Here, I propose that it is time to experimentally evaluate whether amplicon-derived operational taxonomic unit abundances correlate with their actual abundances in nature. Why do we need to evaluate this if microbial ecologists routinely conduct similar gene marker studies? Unlike our microbial counterparts, for whom nondegenerate primers commonly exactly match community sequences, viral ecologists are often forced to employ highly degenerate primer sets designed from insufficient databases and low PCR annealing temperatures (details appear in reference 2).
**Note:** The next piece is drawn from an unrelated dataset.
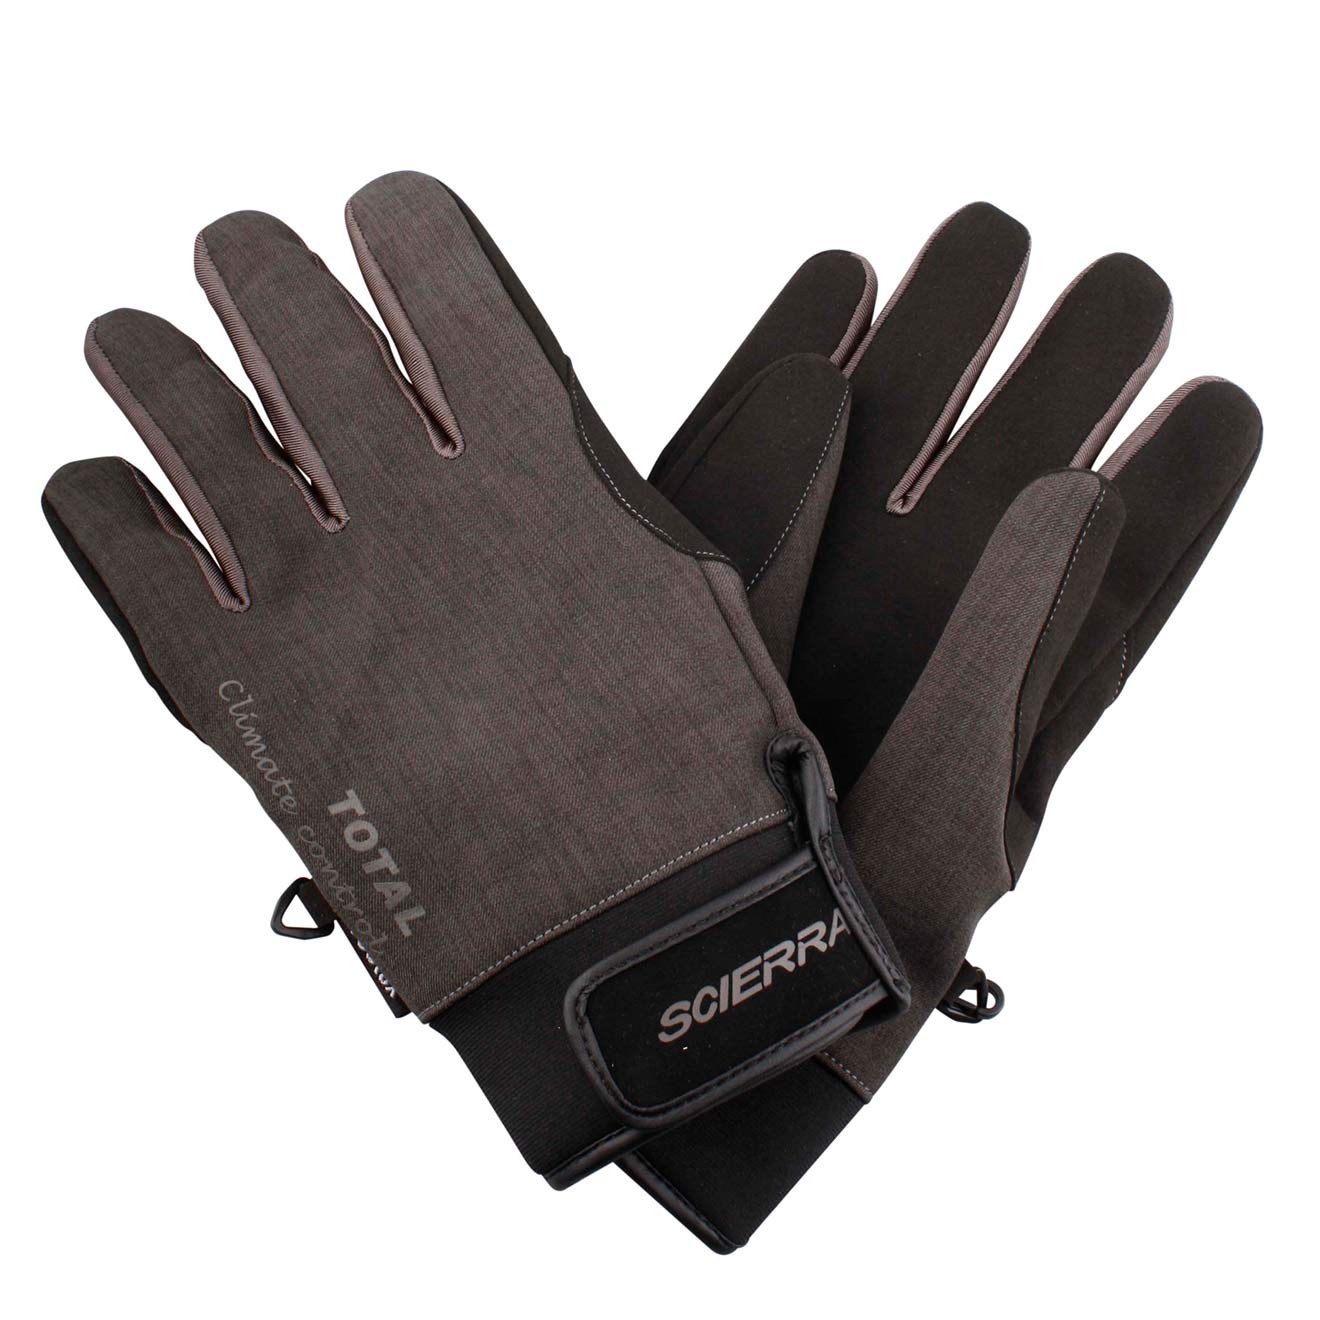 wasserfest sehr bequem Handschuhe Scierra Sensidry Glove 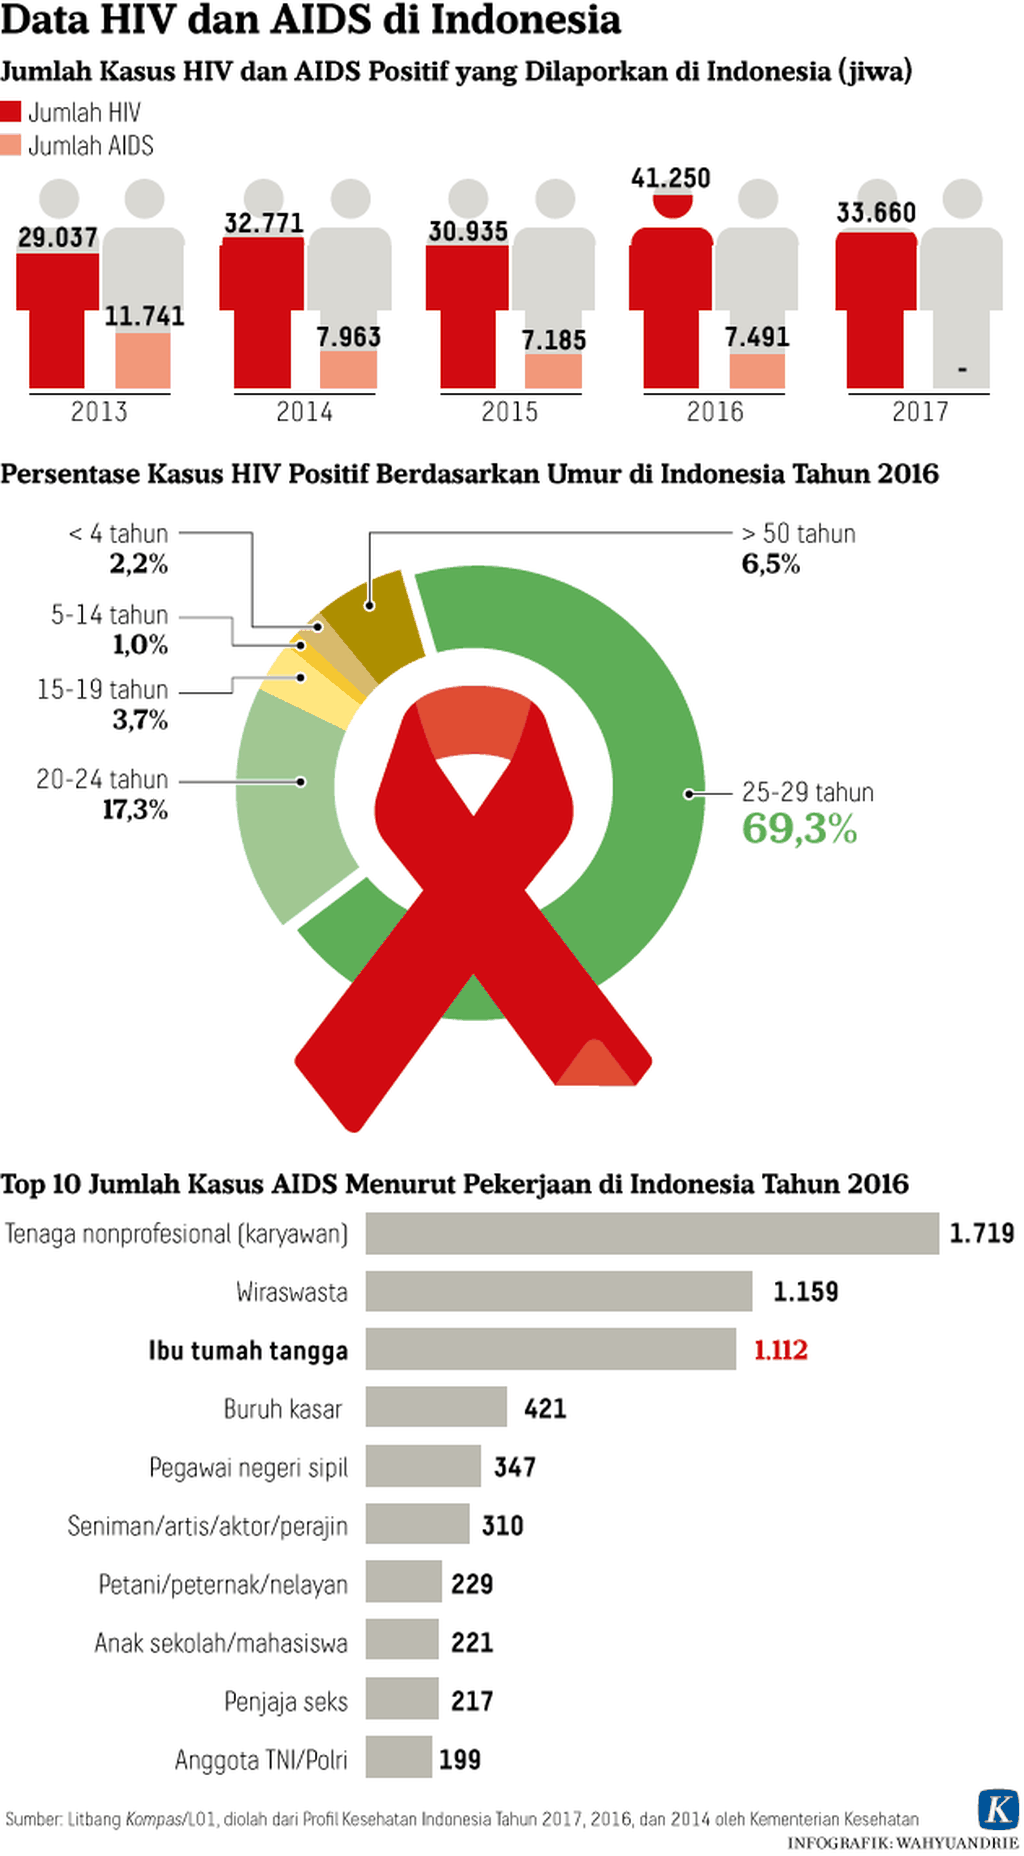 https://cdn-assetd.kompas.id/3R7mJcjdqv3EcObKIHvR8cr6An8=/1024x1856/https%3A%2F%2Fkompas.id%2Fwp-content%2Fuploads%2F2018%2F10%2F20180920-Data-HIV-dan-AIDS-di-Indonesia-mumed_1537433951.png

Even with fewer concerns, microbial ecologists also remain conservative in using such data only in unweighted analyses, thereby implicitly acknowledging that absolute abundances might be significantly altered by the PCR process in ways yet undocumented. Such a practice should perhaps also become mainstream in viral ecology. Fortunately, the sample-to-sequence viral metagenome (virome) pipeline, at least for the double-stranded DNA (dsDNA) viruses that pass through a 0.2-μm filter, offers a means to experimentally evaluate the quantitative performance of PCR-based studies. Further, drawing upon examples from the study of oceanic viral communities, I suggest that, with the right experimental design, viromics offers advantages over the study of gene markers for inferring biology in complex systems and testing a priori and ad hoc hypotheses (summarized in Fig. 1 and detailed below).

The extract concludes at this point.